Dhahban Central Prison (), also known as Dhahban Prison, is a maximum security prison facility located near Dahaban, Jeddah, in Saudi Arabia. It was built in 2015 as part of a renovation of the Jeddah Prisons infrastructure, at a cost of SR400 million. It has capacity for 7,500 inmates. When it opened, 3,000 inmates were transferred in from Braiman Prison. In 2015, the regional director for prisons Mani Al-Otaibi said it was the most advanced prison in Saudi Arabia, with state of the art surveillance technologies.

The facility is used to hold high profile political prisoners, as well as members of Al Qaeda and the Islamic State. It holds male and female prisoners, as well as some small children of female prisoners. It has been alleged that the female inmates have been tortured. Detained female activists were electrocuted and flogged repeatedly, according to Amnesty International, and Human Rights Watch. An anonymous Saudi official denied that torture was condoned by the state. Saudi Arabia claims that inmates get "top treatment".
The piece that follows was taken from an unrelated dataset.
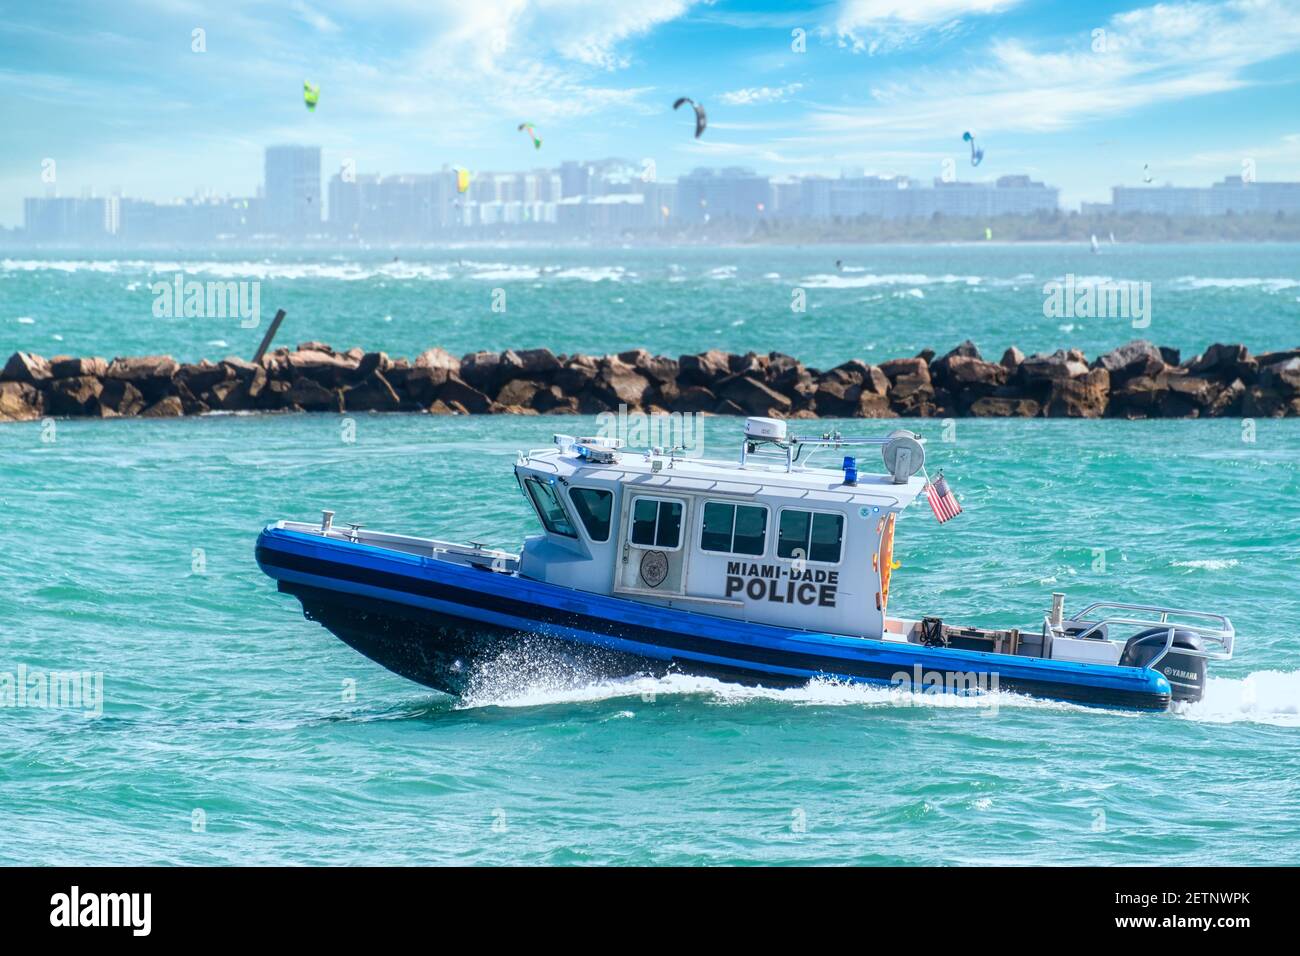 Water patrol of the Miami-Dade Police, Florida, USA Stock Photo

The Badawi siblings are currently being held in this prison; with the Government of Canada demanding their release, and subsequently the Saudi Arabian Government expelled the Ambassador of Canada to Saudi Arabia and recalled the Ambassador of Saudi Arabia to Canada, along with diplomatic staff and Saudi Arabian students in Canada. Some of which have sought asylum as a result of this.

Allegations of torture 

Several Saudi Arabian activists, including women have been reported to be detained in the Dhahban Prison without any charges since May 2018. The activists have been repeatedly tortured by electrocution and flogging, leaving many of them unable to walk or even stand properly. According to the three testimonies obtained by Amnesty International, one of the activists was forced to hang from the ceiling. Another woman was subjected to repeated sexual harassment by interrogators, who wore masks over their faces. Despite the evidence presented by Human Rights Watch and Amnesty International, Saudi Arabia’s media ministry has denied all such allegations.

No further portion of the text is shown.